Her keel was laid down on 8 March 1941 by Deutsche Werke of Kiel. She was launched on 20 December 1941 and commissioned on 2 April 1942 with Korvettenkapitän Leo Wolfbauer in command. Wolfbauer remained in charge for the boat's entire career.

==Design==
German Type XIV submarines were shortened versions of the Type IXDs they were based on. U-463 had a displacement of 1688 t when at the surface and 1932 t while submerged. The U-boat had a total length of 67.10 m, a pressure hull length of 48.51 m, a beam of 9.35 m, a height of 11.70 m, and a draught of 6.51 m. The submarine was powered by two Germaniawerft supercharged four-stroke, six-cylinder diesel engines producing a total of 2800–3200 PS for use while surfaced, two Siemens-Schuckert 2 GU 345/38-8 double-acting electric motors producing a total of 750 PS for use while submerged. She had two shafts and two propellers. The boat was capable of operating at depths of up to 240 m.

The submarine had a maximum surface speed of 14.4–14.9 kn and a maximum submerged speed of 6.2 kn. When submerged, the boat could operate for 120 nmi at 2 kn; when surfaced, she could travel 12350 nmi at 10 kn. U-463 was not fitted with torpedo tubes or deck guns, but had two 3.7 cm SK C/30 anti-aircraft guns with 2500 rounds as well as a 2 cm C/30 guns with 3000 rounds. The boat had a complement of fifty-three.

==Operational career==
U-463 conducted five patrols. As a supply boat, she avoided combat.

===First patrol===
U-463 departed Kiel on her first patrol on 11 July 1942, arriving at St. Nazaire in occupied France on 3 September. She had gone the 'long' way round the British Isles, by way of the gap between Iceland and the Faeroe Islands, heading out into mid-Atlantic toward the Caribbean.

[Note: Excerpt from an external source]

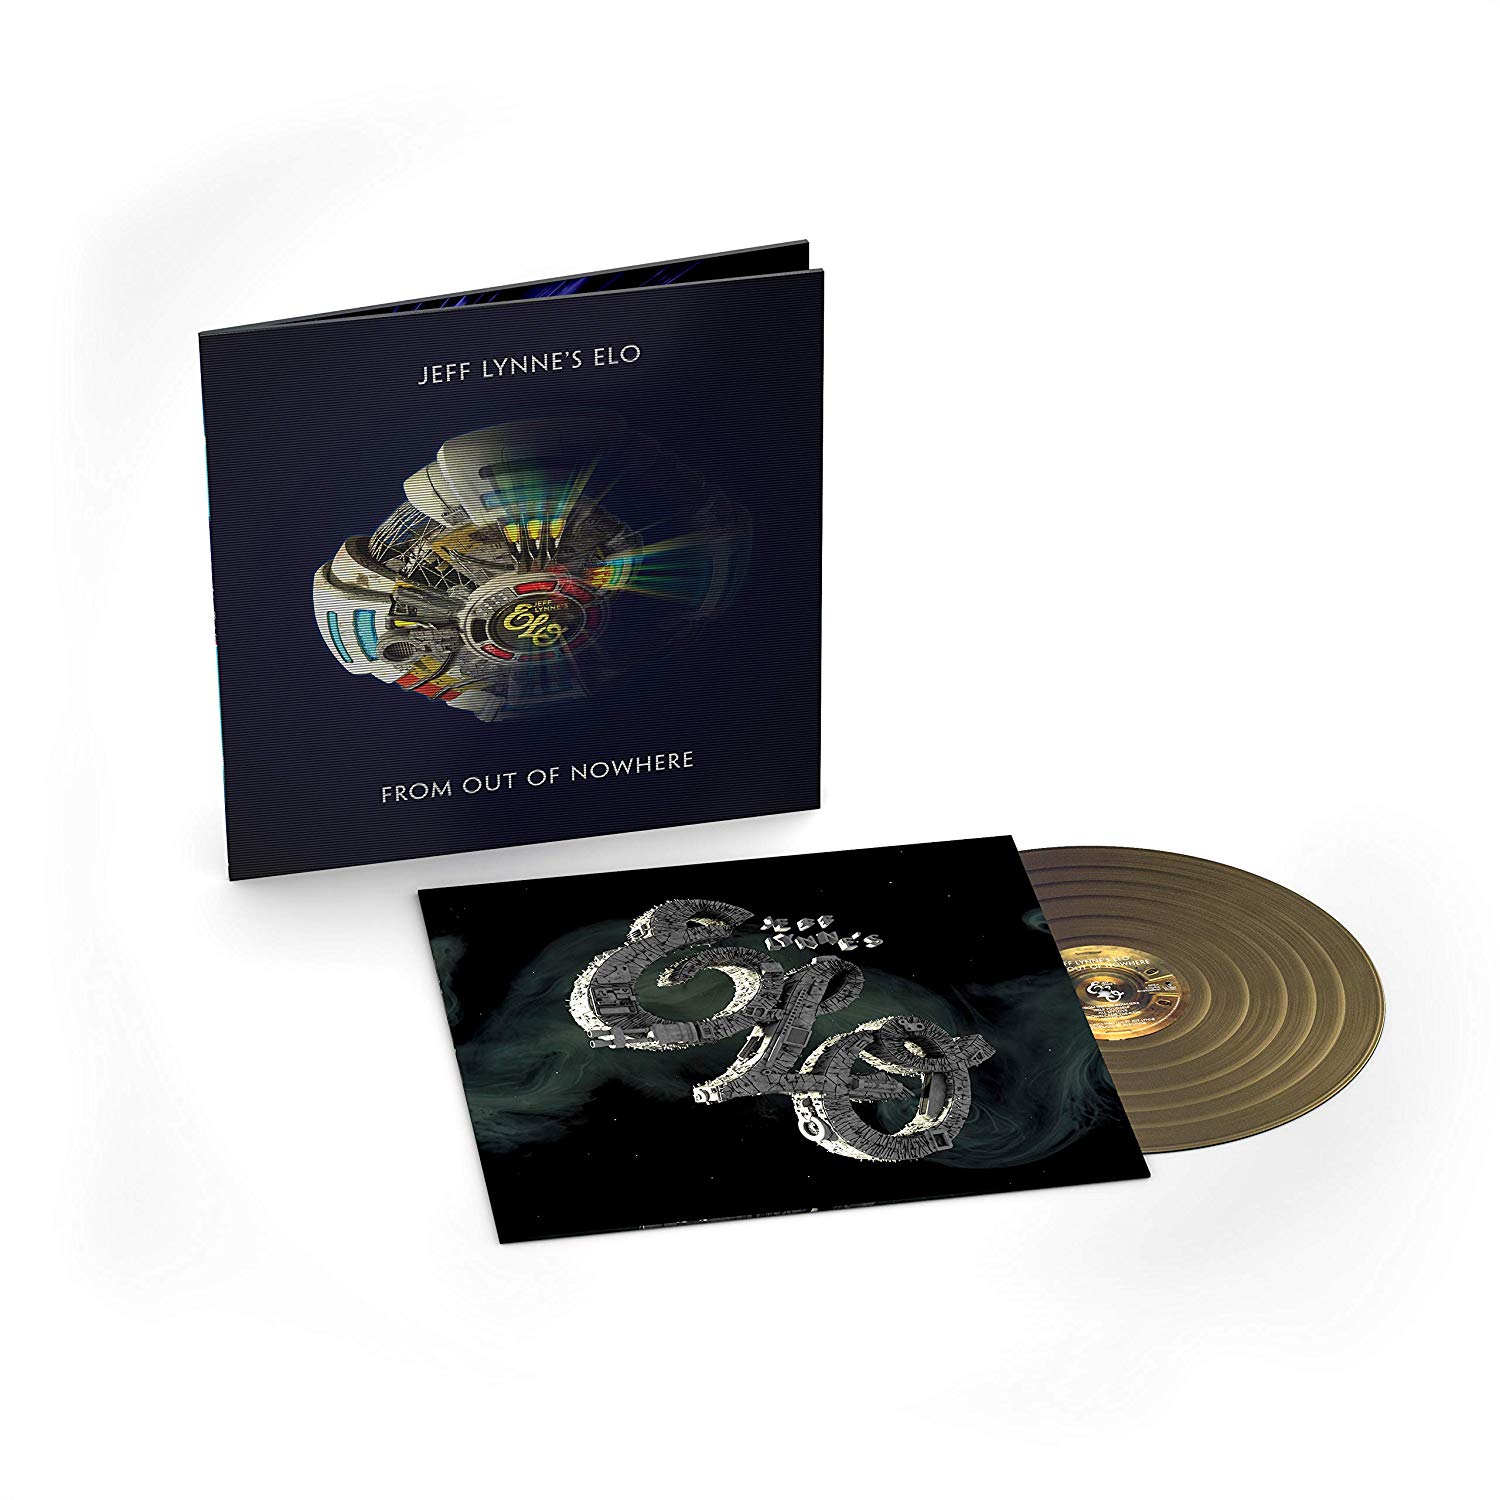 JEFF LYNNE'S ELO / ジェフ・リンズELO / FROM OUT OF NOWHERE (DELUXE GOLD COLORED 180G LP)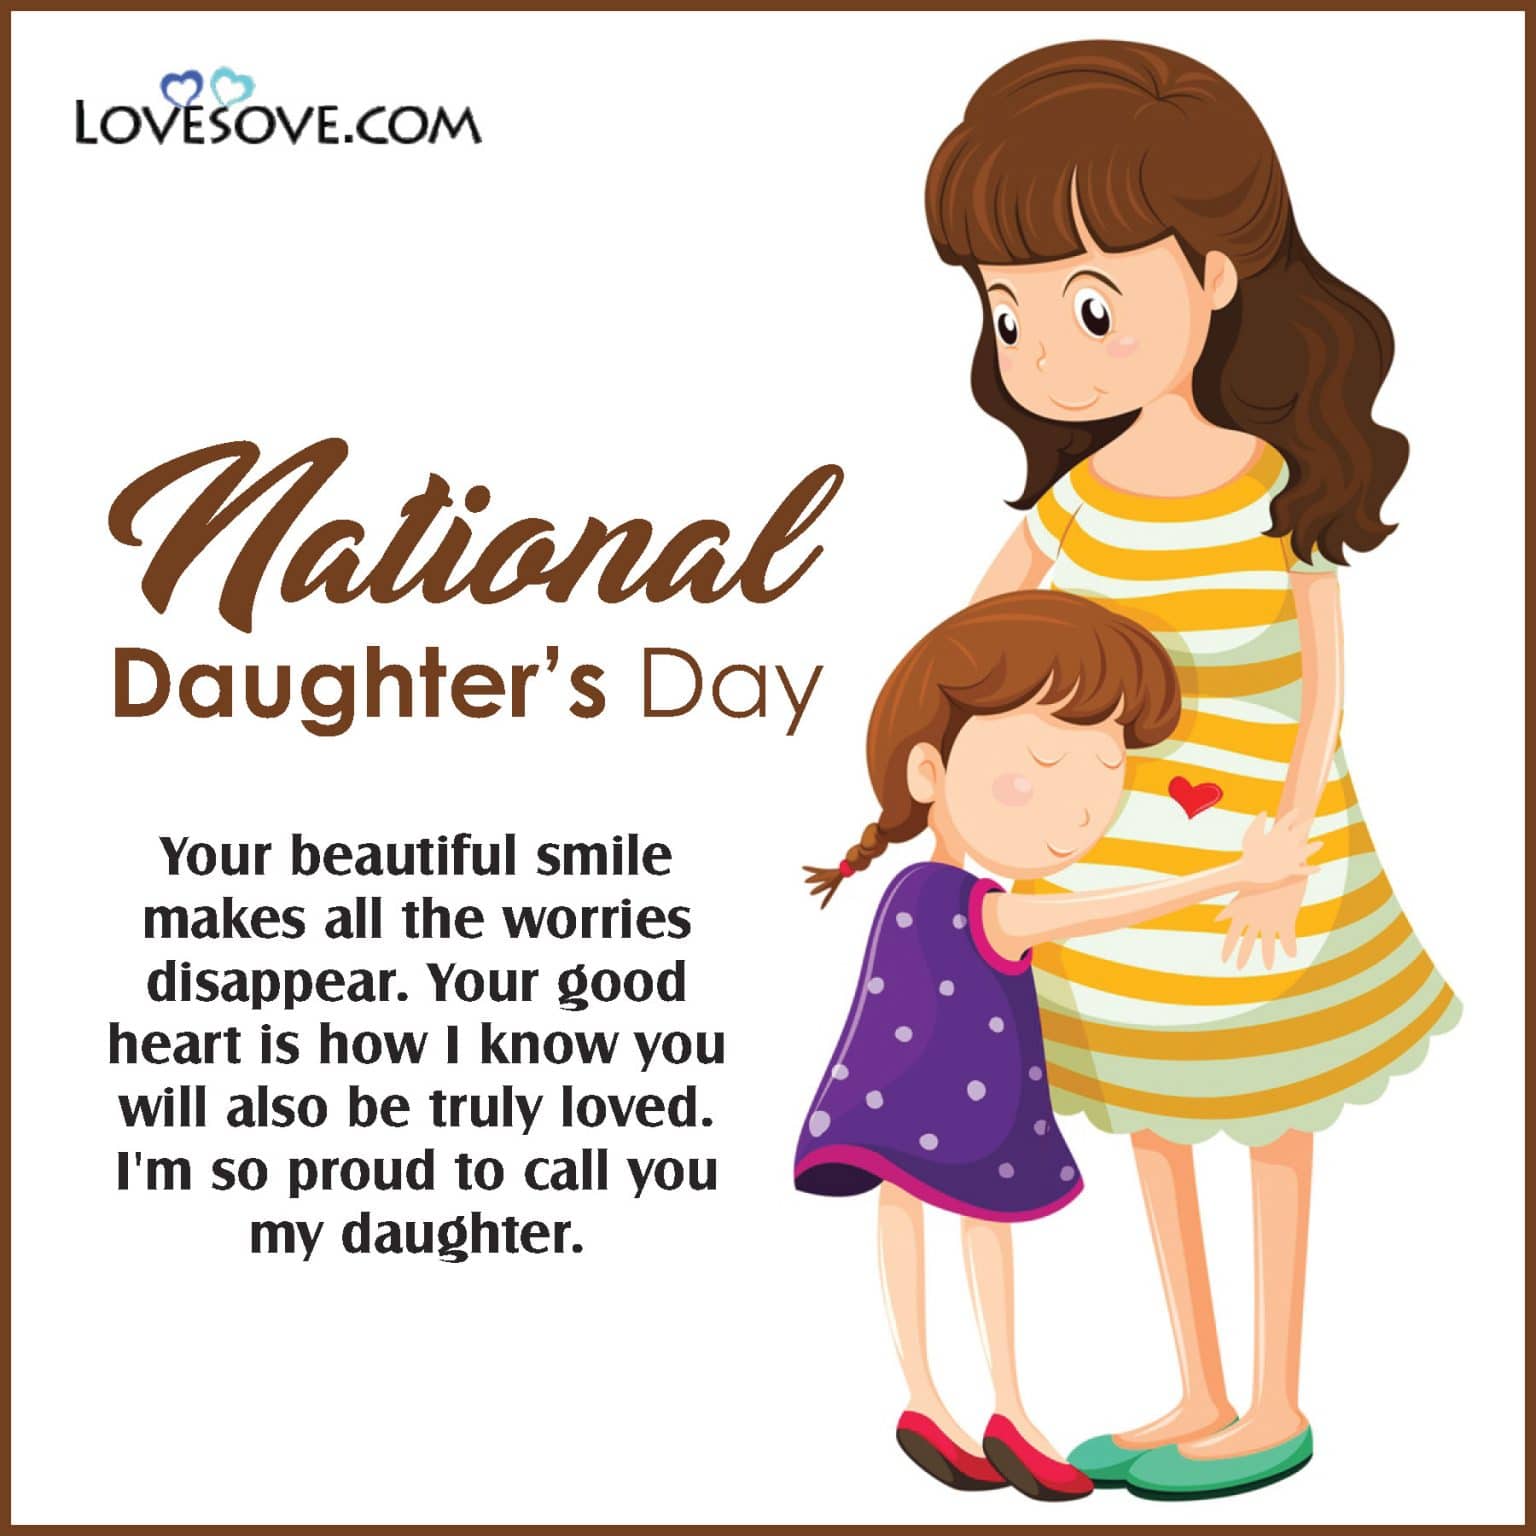 Daughters Day Wishes From Parents Lovesove 1536x1536

===Second, third and fourth patrols===
Her second foray took her into the middle of the Atlantic again, between 28 September 1942 and 11 November.

The submarine's next sortie was further south, passing the Azores on the outward journey to the north and to the south on the return. By now she was based at St. Nazaire once more.

Another uneventful patrol began on 4 March 1943, but when the U-boat returned to France on 17 April, she moved into Bordeaux.

===Fifth patrol and loss===
U-463s fifth patrol began with her departure from Le Verdon, (north of Bordeaux): She had barely cleared the Bay of Biscay, when she was attacked and sunk on 16 May 1943 by depth charges dropped by a British Halifax from 58 Squadron RAF Coastal Command, piloted by Wing Commander Wilfrid Oulton. All 57 of her crew died.